5.5 Klager heeft zich in augustus 2019 tot verweerster gewend. Verweerster heeft op 23 augustus 2019 om nadere informatie verzocht en op 19 februari en 7 april 2020 haar adviezen aan klager uitgebracht. Dat verweerster, zoals klager stelt een jaar heeft gewacht alvorens haar advies uit te brengen, is derhalve feitelijk onjuist. Ook overigens valt verweerster ten aanzien van het tijdsverloop tuchtrechtelijk geen verwijt te maken. Tussen het eerste gesprek en het eerste advies van verweerster is weliswaar een half jaar verstreken, maar dit is gedeeltelijk te wijten aan de benodigde tijd voor het verkrijgen van een toevoeging en gedeeltelijk aan de door verweerster vermelde (persoonlijke) omstandigheden. Het tijdsverloop valt verweerster daarom tuchtrechtelijk niet aan te rekenen.

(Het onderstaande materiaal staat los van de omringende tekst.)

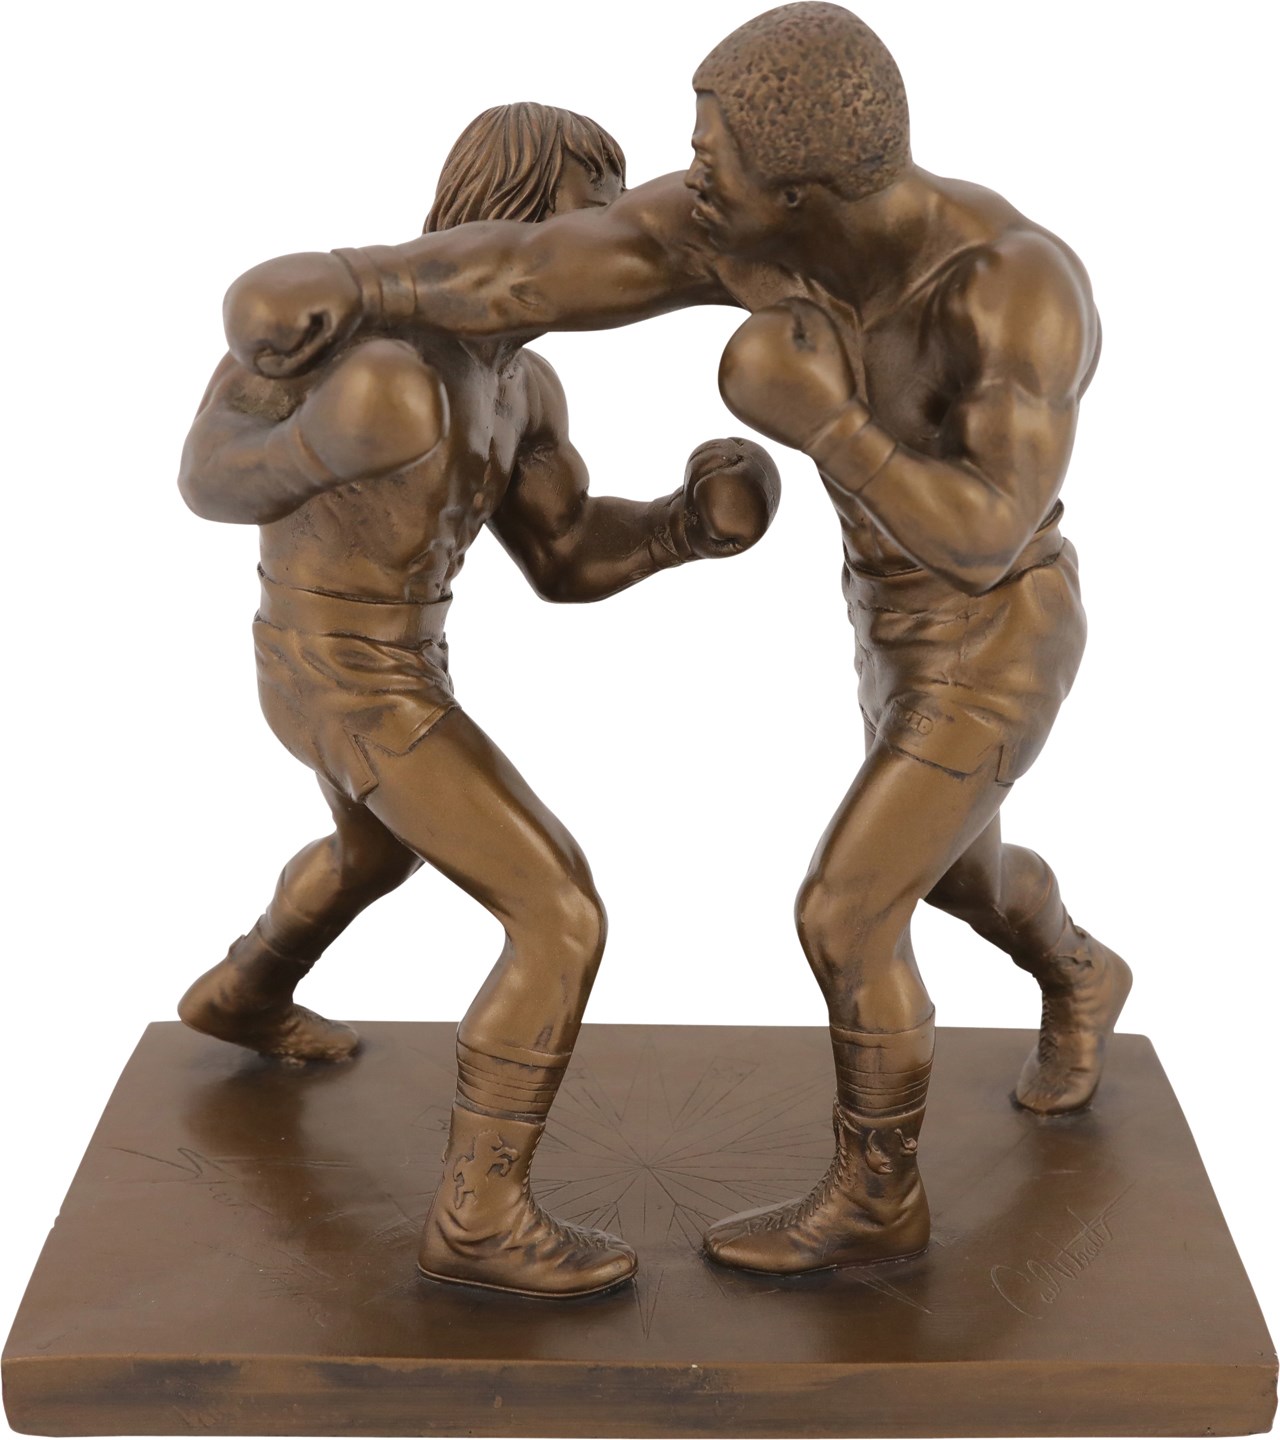 - 1979 Rocky Balboa vs Apollo Creed Statue by Giovanni Schoeman
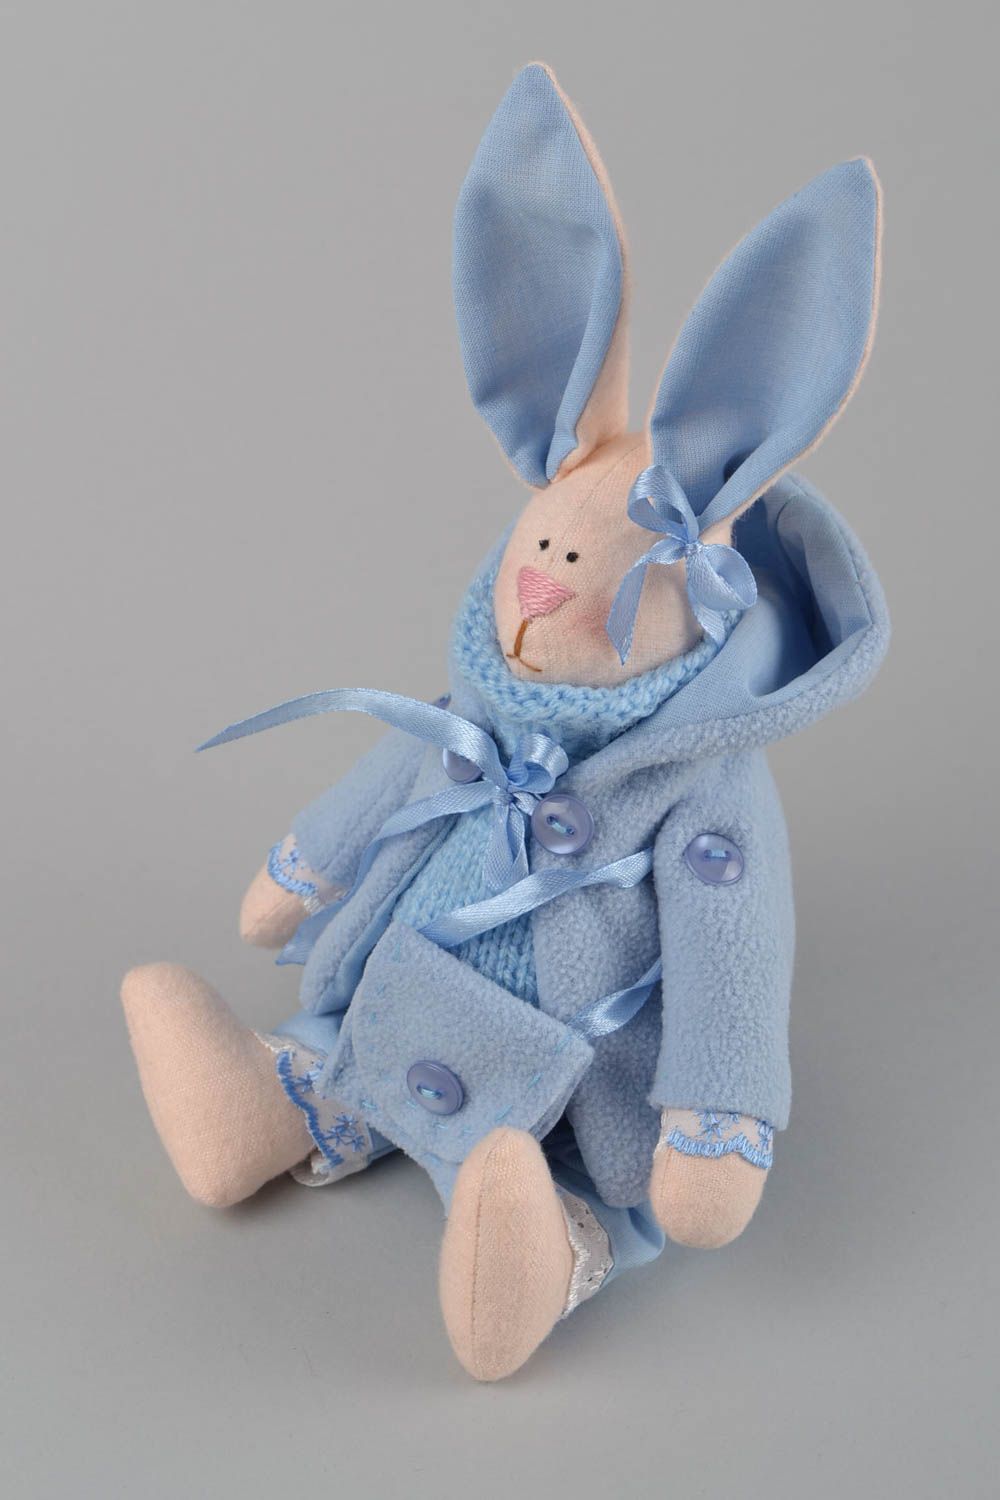 Textil Kuscheltier Hase im blauen Anzug handmade Schmuck für Haus Dekor  foto 1

5.6 Naar het oordeel van de raad is klachtonderdeel a) op grond van al het bovenstaande ongegrond.
Ad onderdeel b)
5.7 Klager verwijst ter onderbouwing van dit klachtonderdeel naar een advies van een advocaat die stelt dat de vordering op mr. B in januari 2020 is verjaard en derhalve door verweerster gestuit had moeten worden. Verweerster stelt terecht dat klager haar ter zake aansprakelijk kan stellen. Voor de vraag of verweerster een tuchtrechtelijk verwijt te maken valt, dient vast te staan dat het verweten handelen (het niet tijdig stuiten van een verjaringstermijn) heeft plaats gevonden. Hiervan is geen sprake. Het enkele advies van een advocaat is hiertoe onvoldoende. Verdere feitelijke onderbouwing ontbreekt.
BESLISSING
De raad van discipline:
verklaart de klacht in beide onderdelen ongegrond
Aldus beslist door mr. R.M.M. van den Heuvel, voorzitter, mrs. A. Groenewoud en A.F.M. van Dok, leden, bijgestaan door mr. C.M. van den Reek, als griffier en bij vervroeging uitgesproken in het openbaar op 13 december 2021.